# Looking for a remote starter that fits my needs.



## wiebs2334 (Apr 4, 2018)

I have been looking at getting a remote starter put into my car, but don't want to go the OEM route as Subaru's remote starters all shut off the engine when you open the door. To get around this I had to jimmy rig the door sensor to be always closed, which made the interior lights not turn on when I got in the car. Below are the wants and needs I have, in priority order.

*Car Info:*
2016 Subaru Legacy 2.5i Premium
Regular Chip Key (Non-push button)


*Needs:*
Open door and insert key without shutting off
Very Long Range
Turn on defrosters and seat heaters when remote started (Cold only)
Turn on AC (Hot weather)
*
Wants:*
Crack the windows (Hot weather)
Turn down radio

*The four situations I see:*
Cold weather start (Defrosters & heated seats)
Mild weather start (Start only)
Hot weather start in safe place (AC & crack windows)
Hot weather start in unsafe place or bad weather (AC only)
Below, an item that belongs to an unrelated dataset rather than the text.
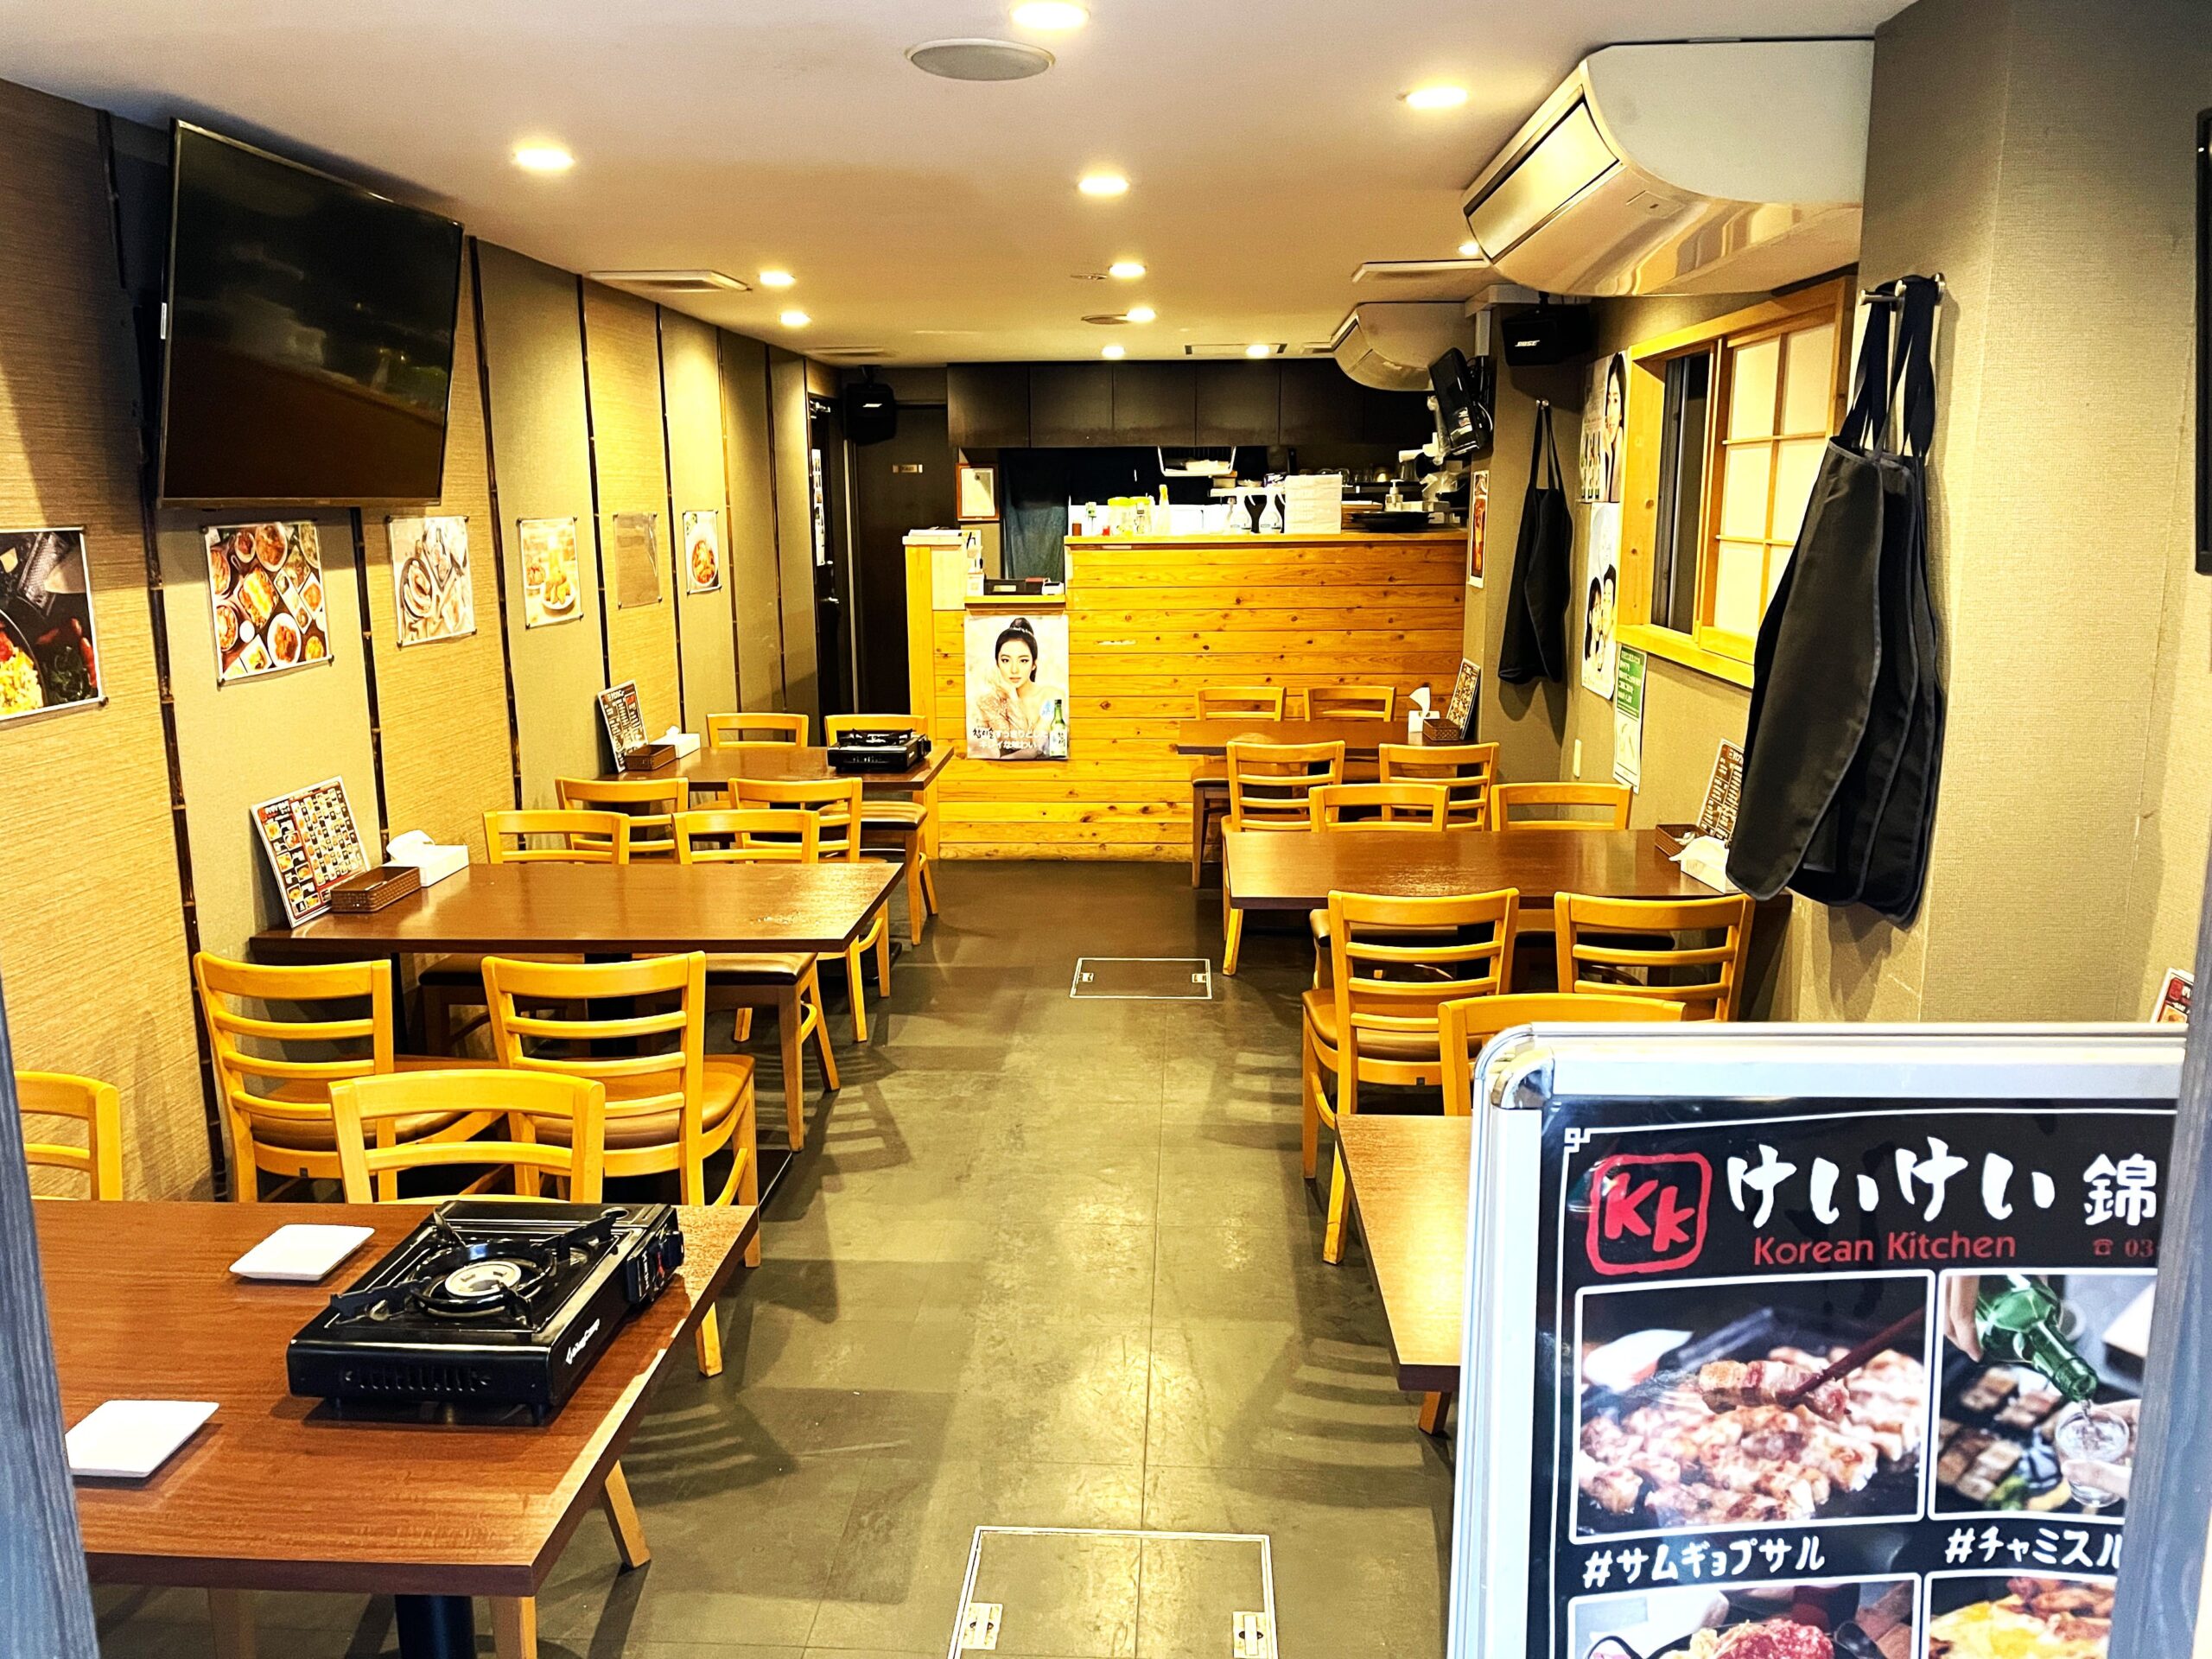 墨田区「錦糸町」駅徒歩4分、1階路面居抜きで飲食店開業できる

Ideally there would be a way to have it tell the outside temp from the cars thermometer and turn on heat or AC depending on the situation. Also this would ideally be temps that I could set. I would settle for an AUX button that would do some of these things, and then I would just decide if its cold or hot. I would only want the cracking the windows and turning down the radio functionality if the other "needs" are also possible. Let me know if you have any ideas that would help incorporate as much of this as possible.

Thanks,
Ryan


----------